Sigh. I don't know if I can rightfully blame Eater for trying to unmask me. The unmasking of critics seems counterproductive and dumb, but we (restaurant critics) kind of brought this on ourselves, being all self-important and wearing wigs and pretending we're spies. I certainly can't blame the commenters for being outrageous dicks — that's what the Internet was built for, right? Porn, food porn and acting out our worst selves from the vantage of … what would you call that? Oh yeah, anonymity.

And I've blathered on about anonymity a fair amount myself. (For those of you who saw that stupid video, please know it was supposed to be a joke. My original idea was to wear a Donnie Darko bunny head, or to have changed disguises every time the camera came back to me. The joke fell horribly flat, and the video seems both bizarre and self-important in the dorkiest possible way. It's a good example of why professional media companies shouldn't attempt media at which they are not professional.) My basic point was that, yes, anonymity helps. Yes, it's important to try. Yes, it's impossible. I was never unmasked in Atlanta in the way Eater has been attempting here in L.A., but by the time I left there was hardly a chef in town who couldn't have picked me out. Word gets around. Atlanta is a small town in many ways. But that doesn't mean I didn't try to keep my photo out of the public eye, and to keep a low profile when reviewing restaurants. In most cases, I was able to get in a visit or two where no one noticed me.

In L.A., I have a chance to start fresh. I don't know any chefs or restaurant people here, and I hope to keep it that way. Will total anonymity be possible? Almost certainly not, although I'm pretty confident that the photos out there won't help people much in identifying me.

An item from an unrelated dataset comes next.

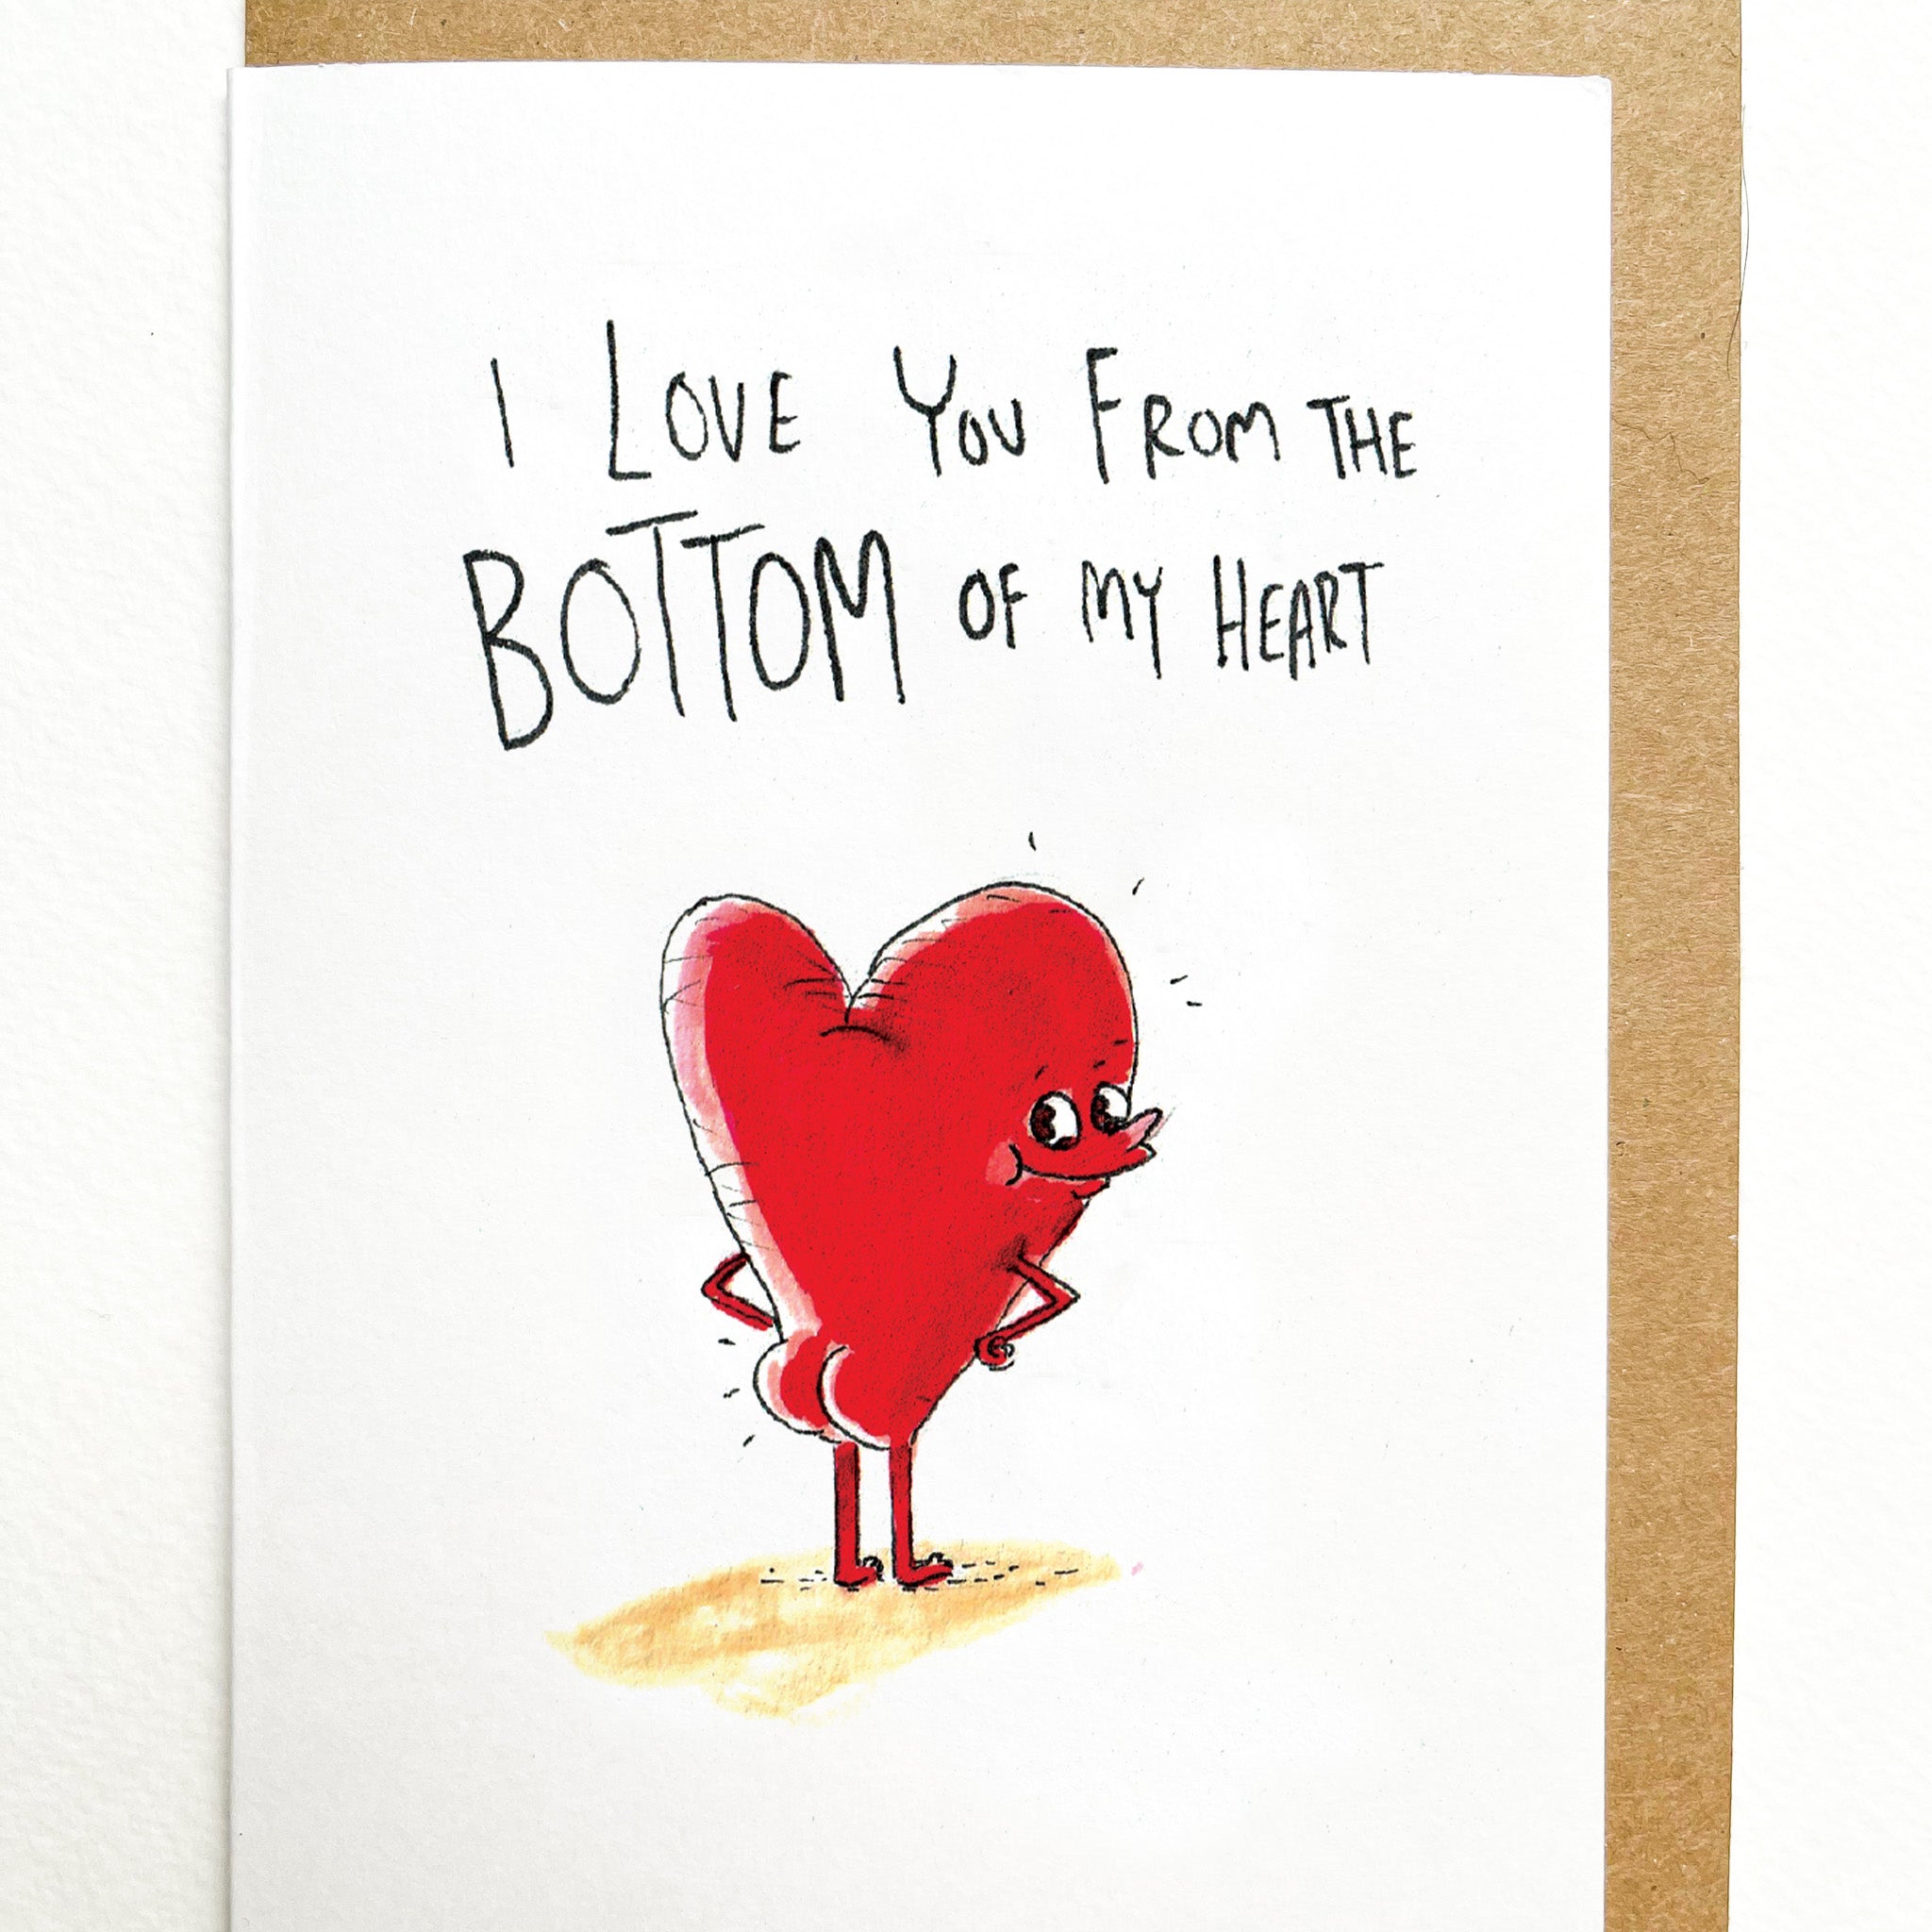 I Love You From The Bottom of My Heart – Well Drawn

Which brings me to this past Monday, when Eater published another photo, claiming it is me circa 2005. Thus far, the photographer of that photo has not demanded it be removed. Probably because the photographer may have a vested interest in people thinking that photo looks exactly like me. You'd think Eater, with all its smarty-pants Internet savvy, would know the difference between a credit and a caption. But whatever. Chefs of L.A. — I look just like that! I haven't aged a day!